Rechtsschutz contra Recht auf Wahrung der Geschäftsgeheimnisse: EuGH-Urteil
Ein Spannungsfeld: Im Rahmen eines Nachprüfungsverfahrens kommen regelmäßig auch solche Unterlagen auf den Tisch, die vertrauliche Informationen und Geschäftsgeheimnisse enthalten. Eine für die betroffenen Unternehmen im Einzelfall schwierige Abwägung zwischen Rechtsschutz und Wahrung des eigenen Know-hows. Der EuGH hatte zu entscheiden (Rs C-450/06, Urteil vom 14.2.2008), ob die Nachprüfungsstellen verpflichtet sind, die Vertraulichkeit dieser Unterlagen zu gewährleisten.
Im vorliegenden Fall ging es zwar um die Beschaffung von Rüstungsgütern in Belgien, aber auch abseits solcher Produkte enthalten eingereichte Angebote oft geschäftswesentliches Know-how und damit vertrauliche Informationen der Bieter, weshalb der Entscheidung grundsätzliche Bedeutung zukommt: Gegen die Bezugschlagung eines Bieters legte einer seiner Mitbewerber Klage auf Aufhebung der Auftragsvergabe ein. Im Nachprüfungsverfahren machte nun der Bezuschlagte geltend, sein Angebot enthalte Geschäftsgeheimnisse, dürfe daher nicht an den Mitbewerber weitergegeben werden.

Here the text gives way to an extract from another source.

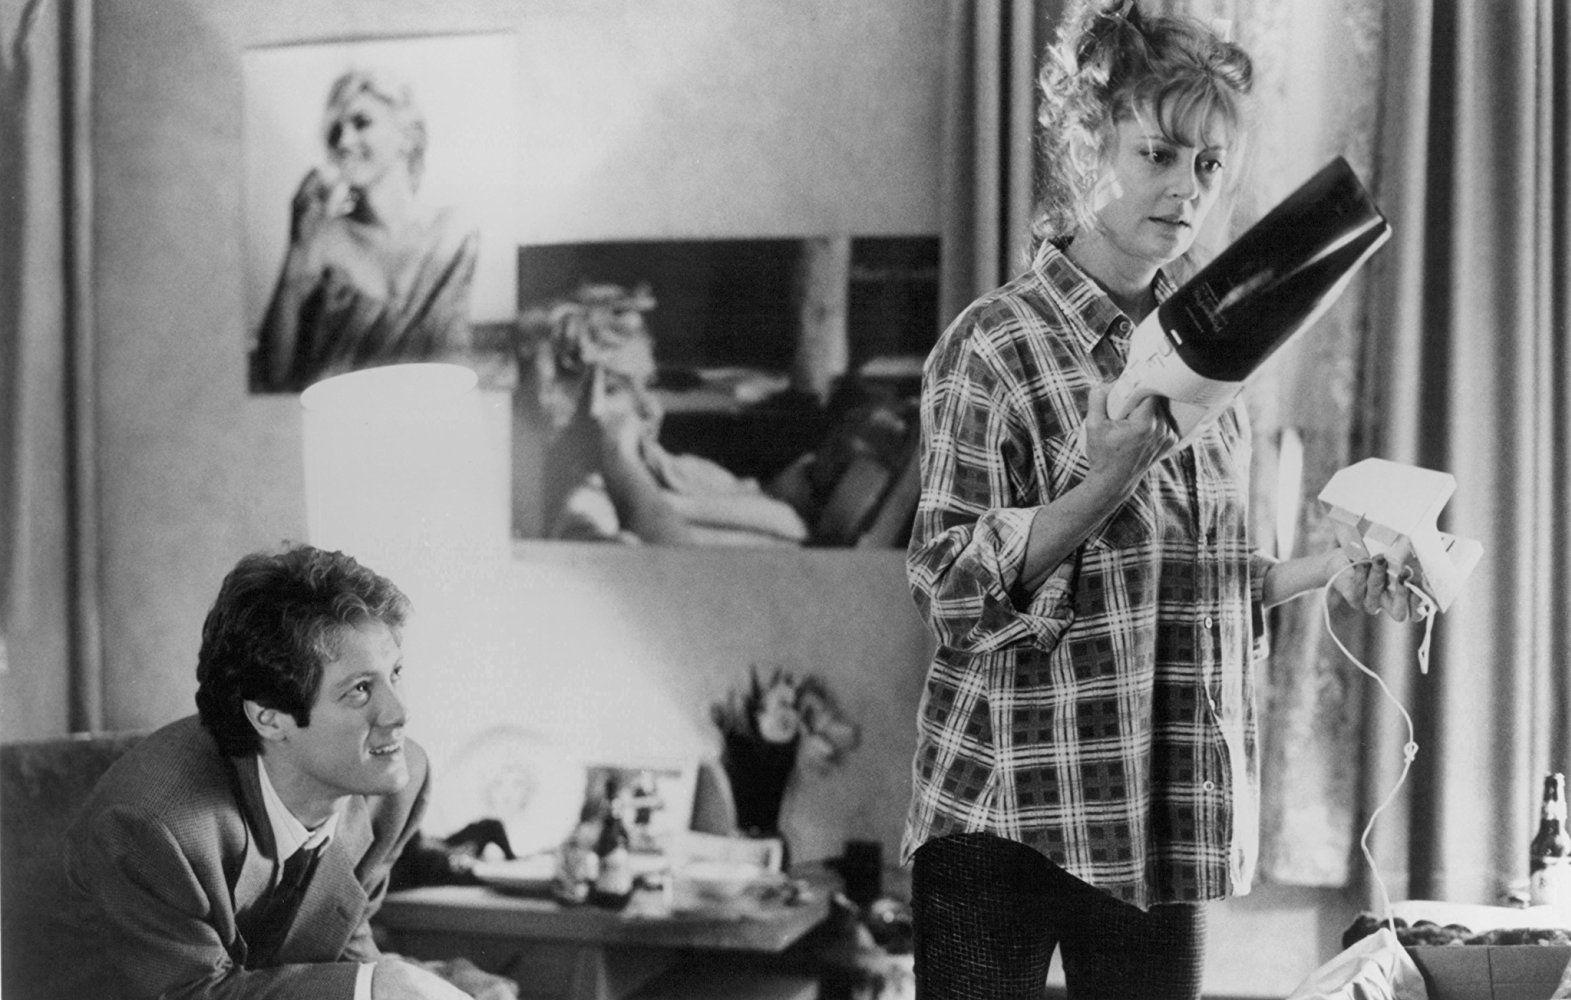 Susan Sarandon and James Spader in White Palace (1990

Das hiermit befasste Gericht wollte diese Frage nicht bewerten müssen und lege sie kurzerhand gem. Art 234 EG dem Europäischen Gerichtshof (EuGH) zur Entscheidung vor.
Der EuGH befand, dass die mit dem Nachprüfungsverfahren befasste Stelle die Vertraulichkeit und das Recht auf Wahrung der Geschäftsgeheimnisse für Angaben in den von Verfahrensbeteiligten übergebenen Unterlagen gewährleisten muß. Dabei sei es allerdings Sache der Nachprüfungsinstanz, zu entscheiden, ob und welche Unterlagen im Hinblick auf die Gewährleistung eines effektiven Rechtsschutzes bei gleichzeitiger Wahrung der Vertraulichkeit der Geschäftsgeheimnisse weitergegeben werden.
Vorliegend seien das Recht auf Wahrung der Geschäftsgeheimnisse gegen das Erfordernis eines effektiven Rechtsschutzes abzuwägen. Dabei müsse zwar zum einen das Recht auf Wahrung der Geschäftsgeheimnisse so ausgestaltet sein, dass es mit den Erfordernissen eines effektiven Rechtsschutzes im Einklang steht, so der EuGH. Zum anderen werde aber auch das Recht der Verfahrensbeteiligten, Beweismittel und Erklärungen einsehen zu können, nicht unbeschränkt gewährt, sondern könne zur Wahrung von Grundrechten Dritter oder zum Schutz wichtiger Interessen der Allgemeinheit eingeschränkt werden. Ein solches wichtiges Interesse der Allgemeinheit sei der freie und lautere Wettbewerb in den Mitgliedstaaten. Es obliege neben den öffentlichen Auftraggebern auch den Nachprüfungsinstanzen, diesen sicherzustellen, weshalb sie berechtigt seien, die hierfür erforderlichen Maßnahmen zu ergreifen. Dazu zähle auch Informationen aus der Vergabeakte nicht an Verfahrensbeteiligte weiterzugeben, wenn hierdurch der lautere Wettbewerb gefährdet würde.
Zur Bewertung dieser Frage müsse allerdings den Nachprüfungsinstanzen Zugang zu allen das Verfahren betreffenden – auch vertraulichen – Informationen gewährt werden.
Eine wichtige Entscheidung des EuGH, denn auch in der umgekehrten Fallkonstellation scheuen unterlegene Bieter nicht selten die Inanspruchnahme von Rechtsschutz, da sie befürchten, hierdurch Geschäftsgeheimnisse an Wettbewerber preiszugeben, und auch die Nachprüfungsinstanzen sind regelmäßig unsicher, welche Unterlagen der Verfahrensgegner einsehen darf und welche nicht.